Graduate students spend years researching and writing about one single topic. They leave university with knowledge and information many people will never understand. And that’s a problem — a problem an unusual competition seeks to solve.
Three Minute Thesis, or 3MT, started in Australia in 2008. 3MT is now an international competition that challenges graduate students to present their lengthy, jargon-filled theses to a non-expert audience in less than three minutes.
Rachel Phinney and Marie Schwaner are graduate students at Boise State University and the University of Idaho respectively. They each won the 3MT competition at their universities last week. They joined Idaho Matters to talk more about their approach to preparing a presentation like this, and the importance of doing so for others and their careers.

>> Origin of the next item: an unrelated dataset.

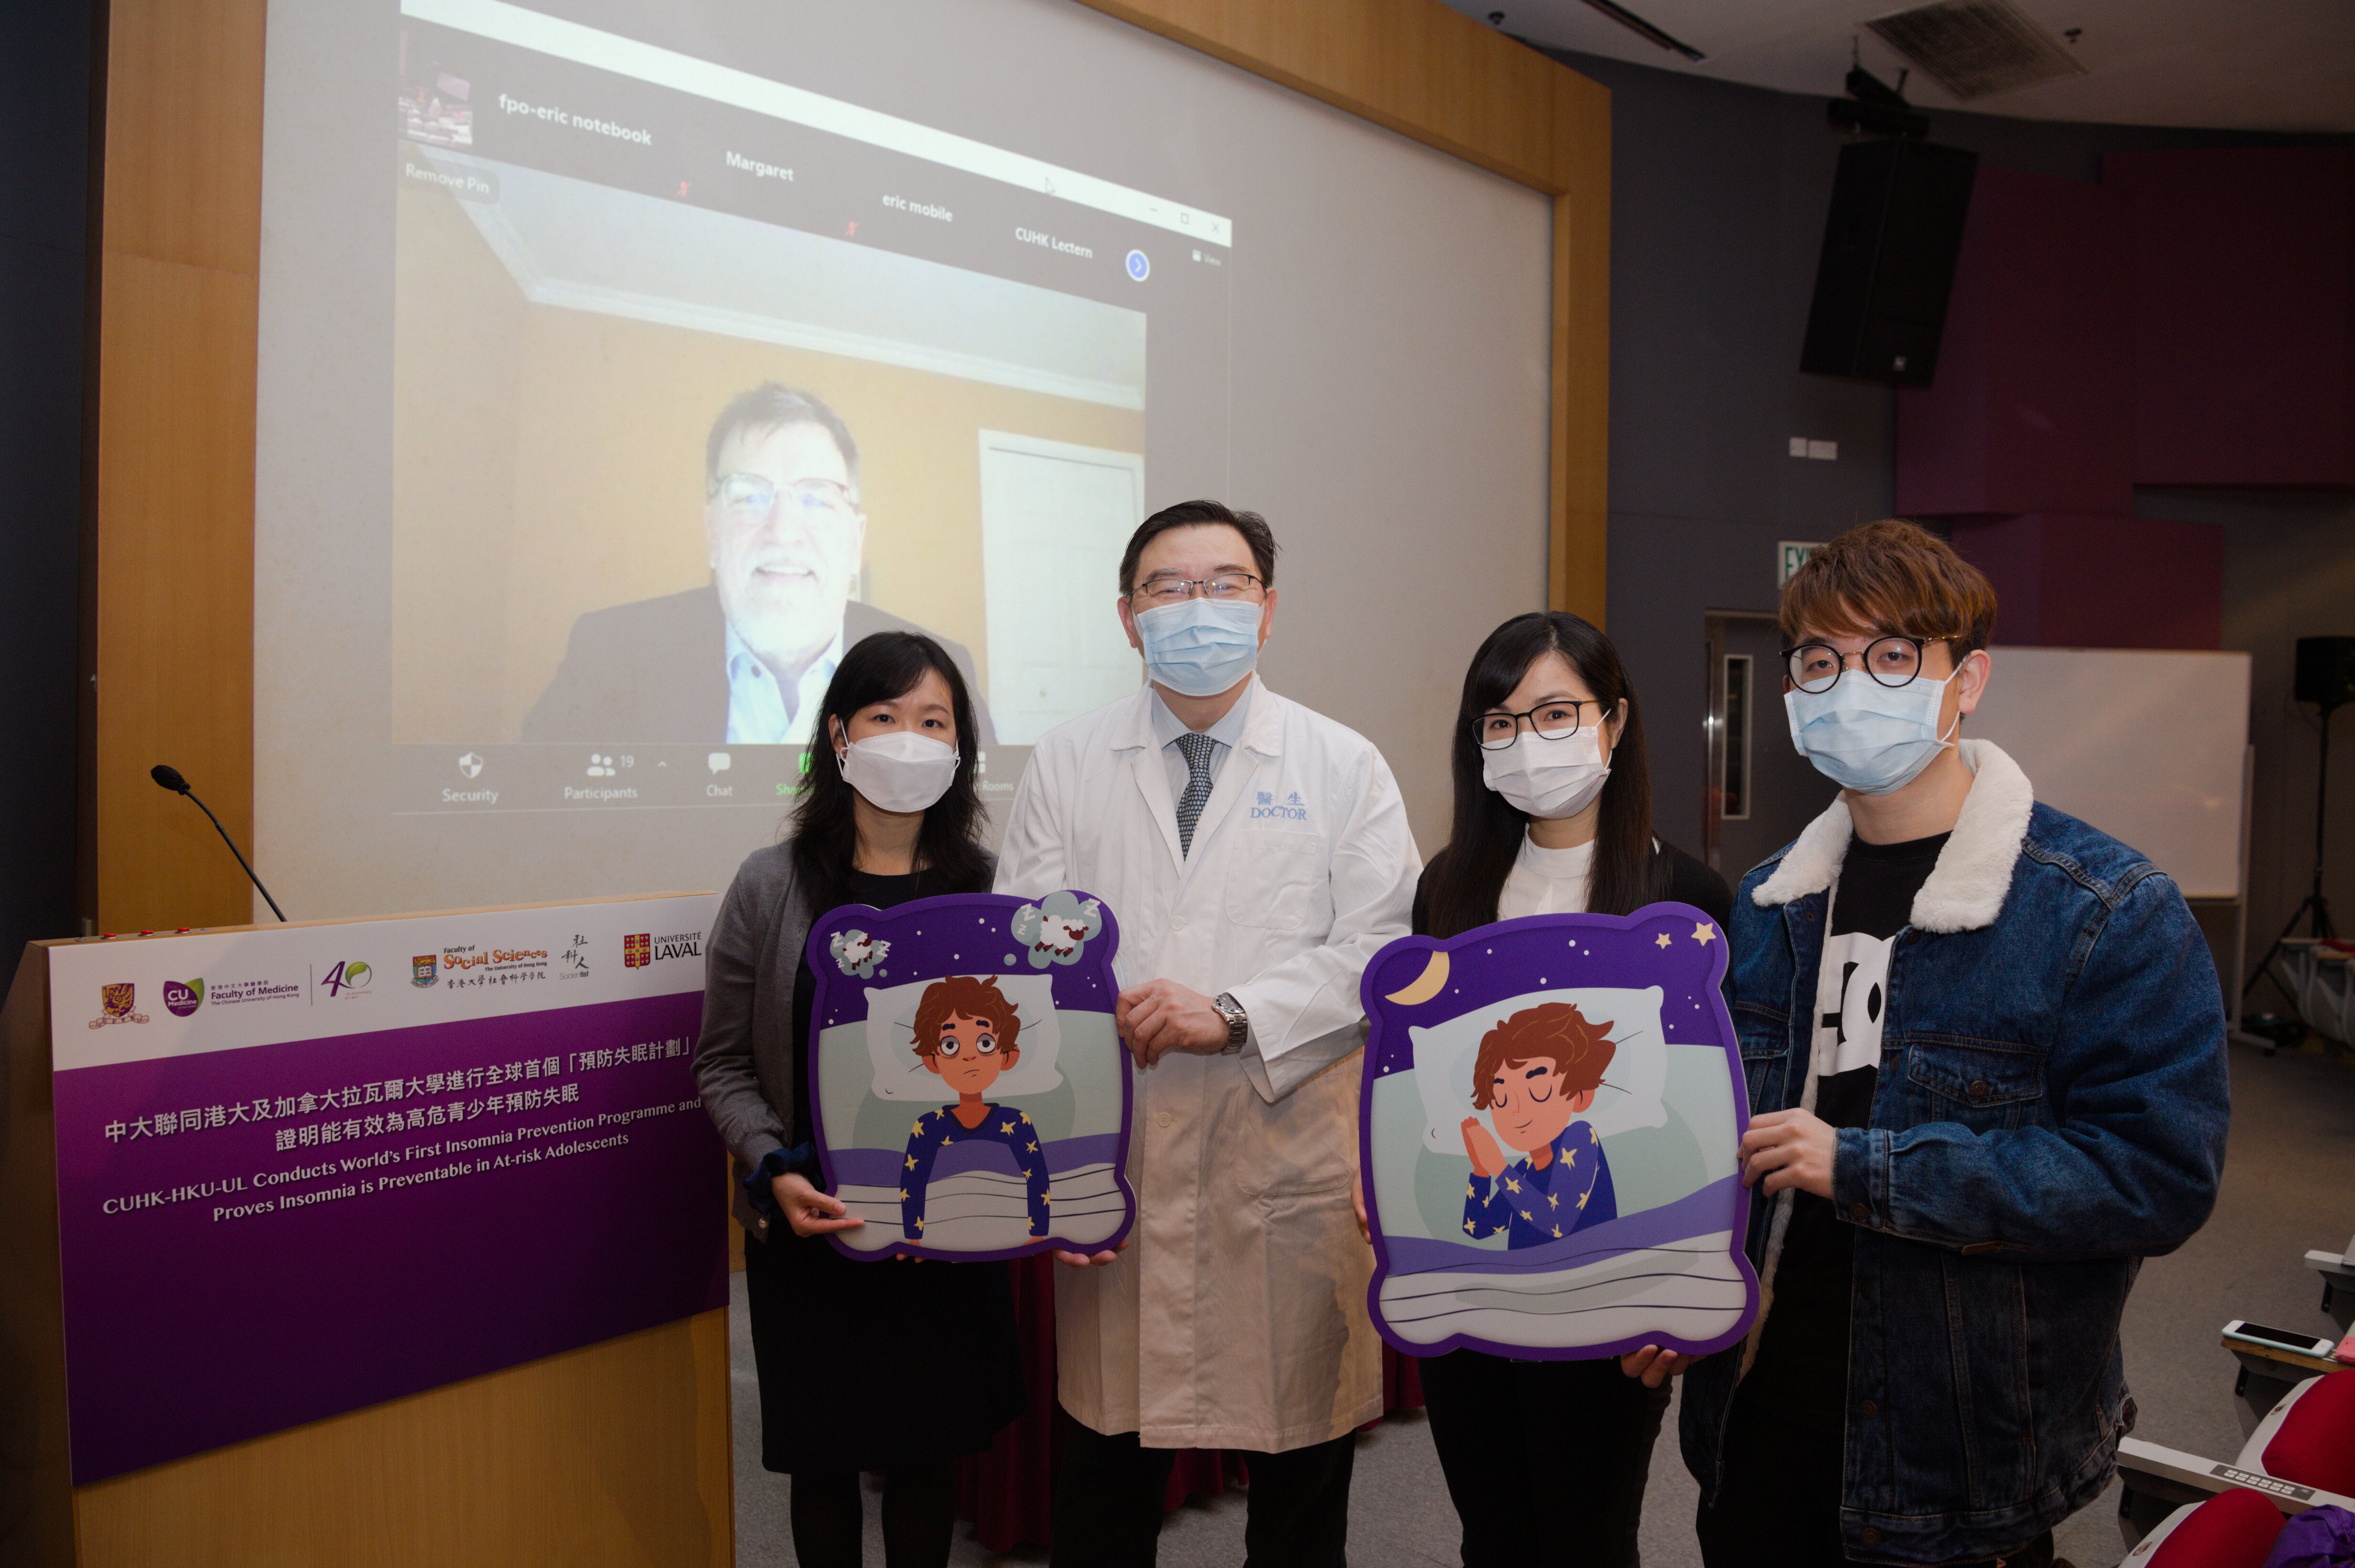 CUHK, HKU and Université Laval joined hands to conduct the world’s first randomised controlled trial of brief insomnia prevention programme for at-risk adolescents who have a positive family history of insomnia and sub-threshold insomnia symptoms.

To Phinney, the need for learning this skill in communication is obvious. “The 3 Minute Thesis is a great way to practice that skill that will be so useful as we continue our careers,” she said.
Schwaner says the fun of it doesn't just come from the competition. She says she learns from other students on stage. “It’s not only the general audience that we need to be clear to,” Schwaner said. “The fact that I study biomechanics and animals makes me knowing way less about other topics. So even if another science from another field comes with all the jargon, I know [as little] as the general audience.”
On Tuesday Feb. 19, the 3MT finalists from all three of Idaho’s research institutions — University of Idaho, Idaho State University and Boise State University — will compete in the 2020 Idaho 3MT competition here in Boise.